Provided data START
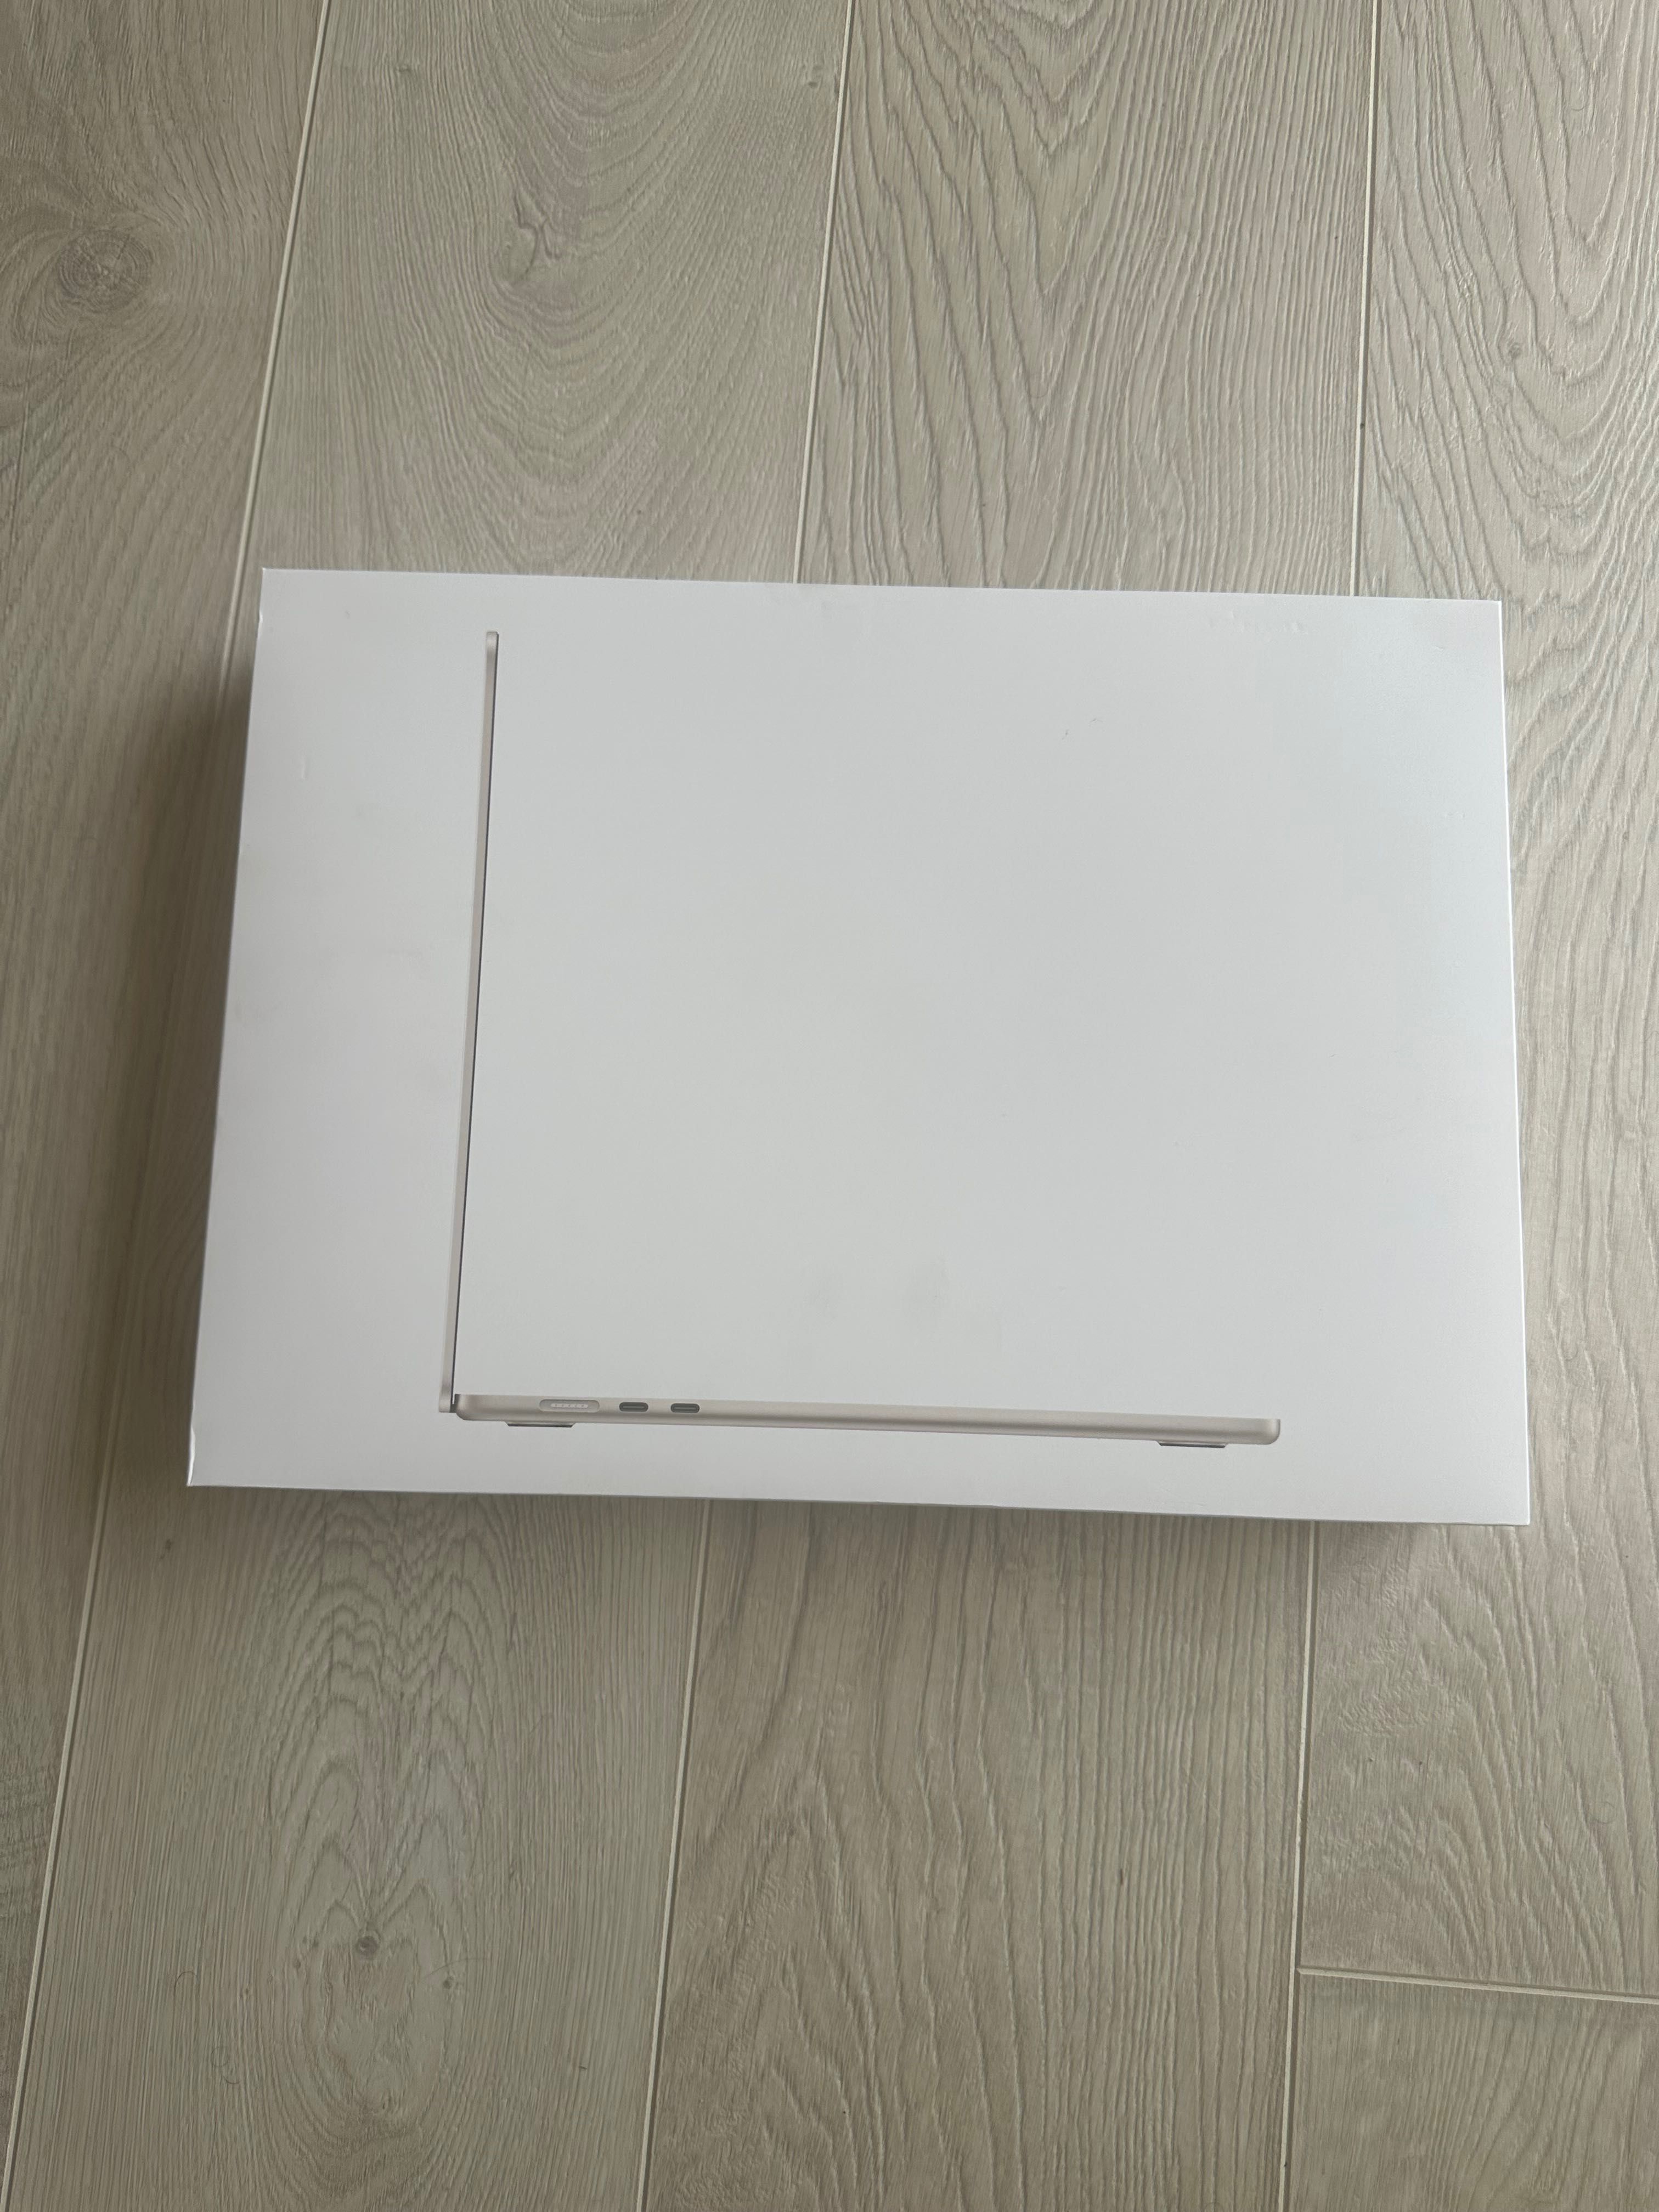 Apple MacBook Air 15”
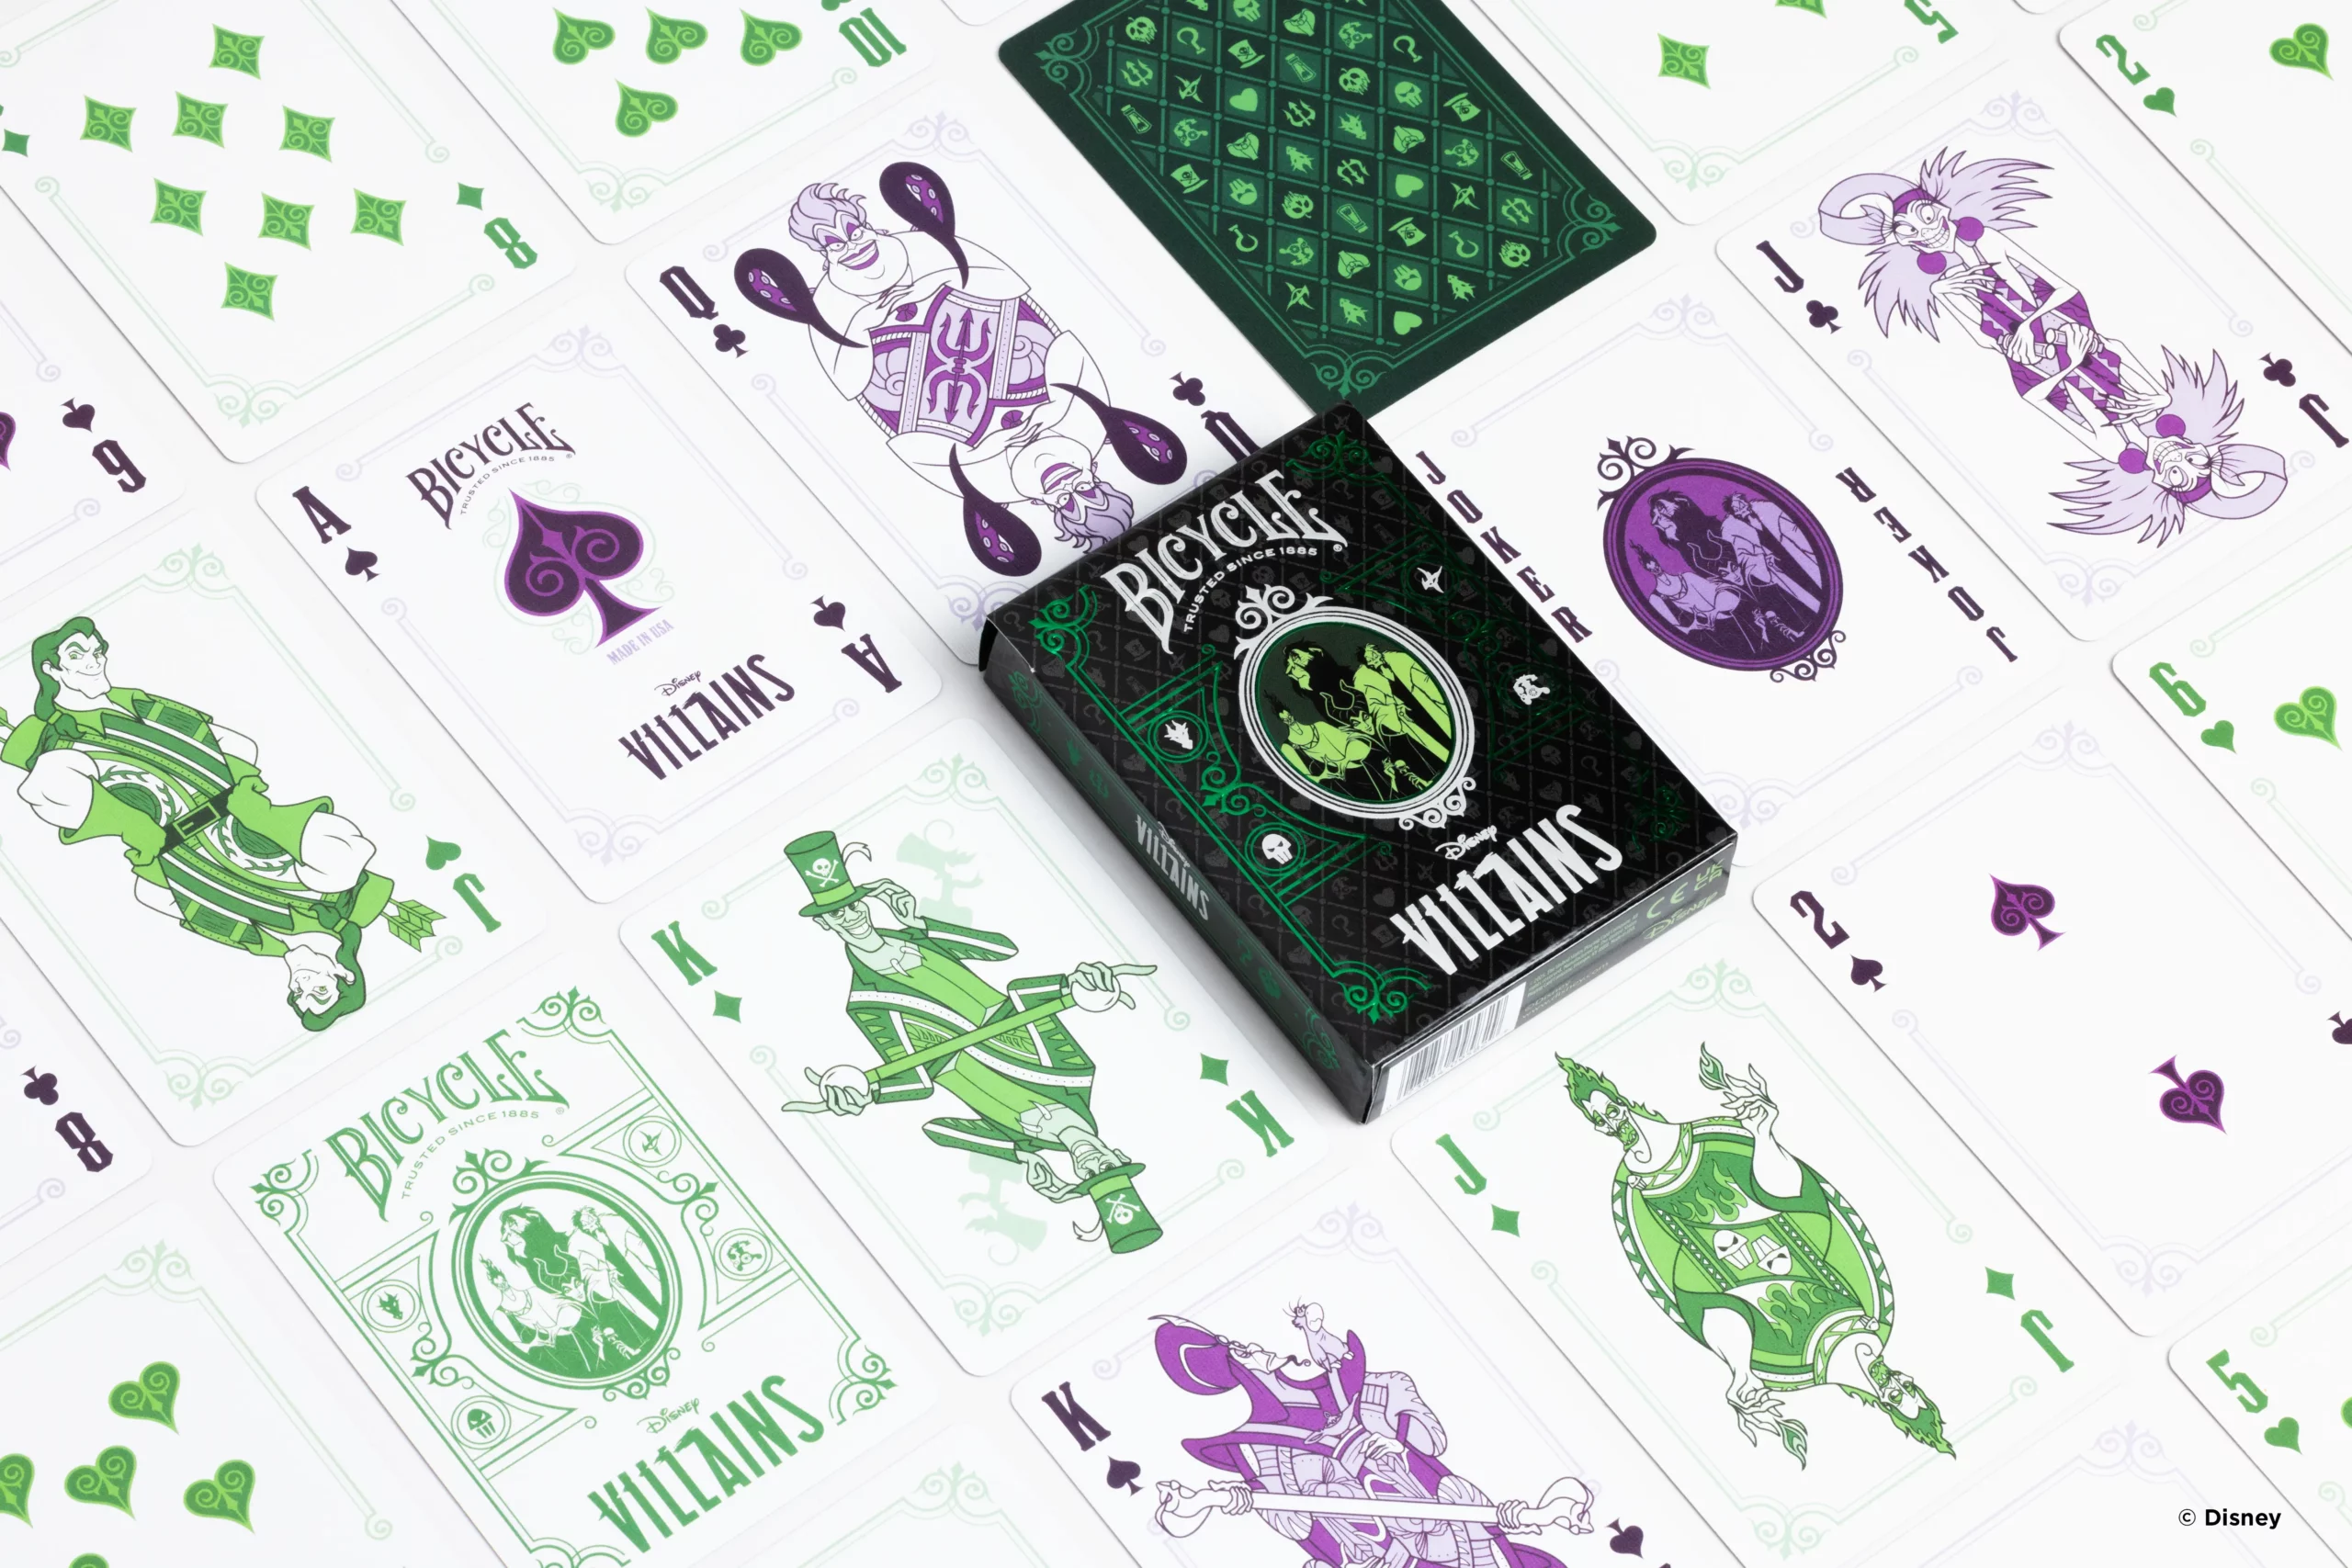 Die Karten einer Bicycle Creatives Bicycle Disney Villains green grün Kartenschachtel liegen ausgebreitet auf einer Fläche sodass man verschieden Vorderseiten und Rückseiten und die Schachtel sehen kann.
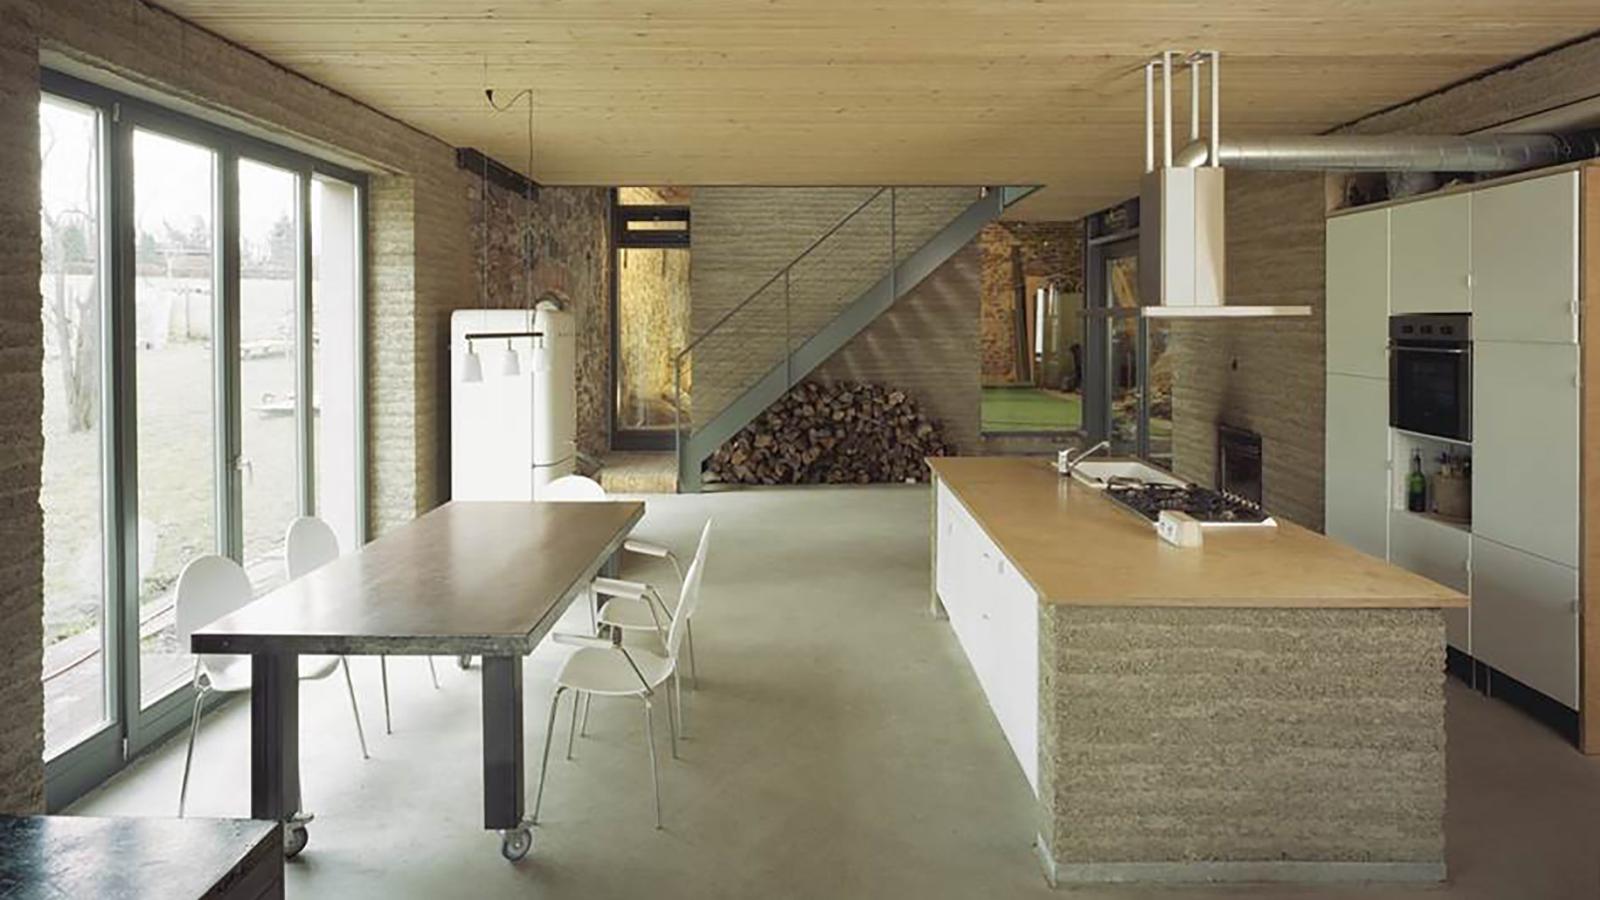 Stampflehmhaus: Modern eingerichtetes Zimmer mit Küche, Esstisch und Fensterfront
Provided data END
» What to produce: When you write out the material, keep every line exact and leave out each picture.

» Your solution:
 Apple MacBook Air 15”
 Die Karten einer Bicycle Creatives Bicycle Disney Villains green grün Kartenschachtel liegen ausgebreitet auf einer Fläche sodass man verschieden Vorderseiten und Rückseiten und die Schachtel sehen kann.
 Stampflehmhaus: Modern eingerichtetes Zimmer mit Küche, Esstisch und Fensterfront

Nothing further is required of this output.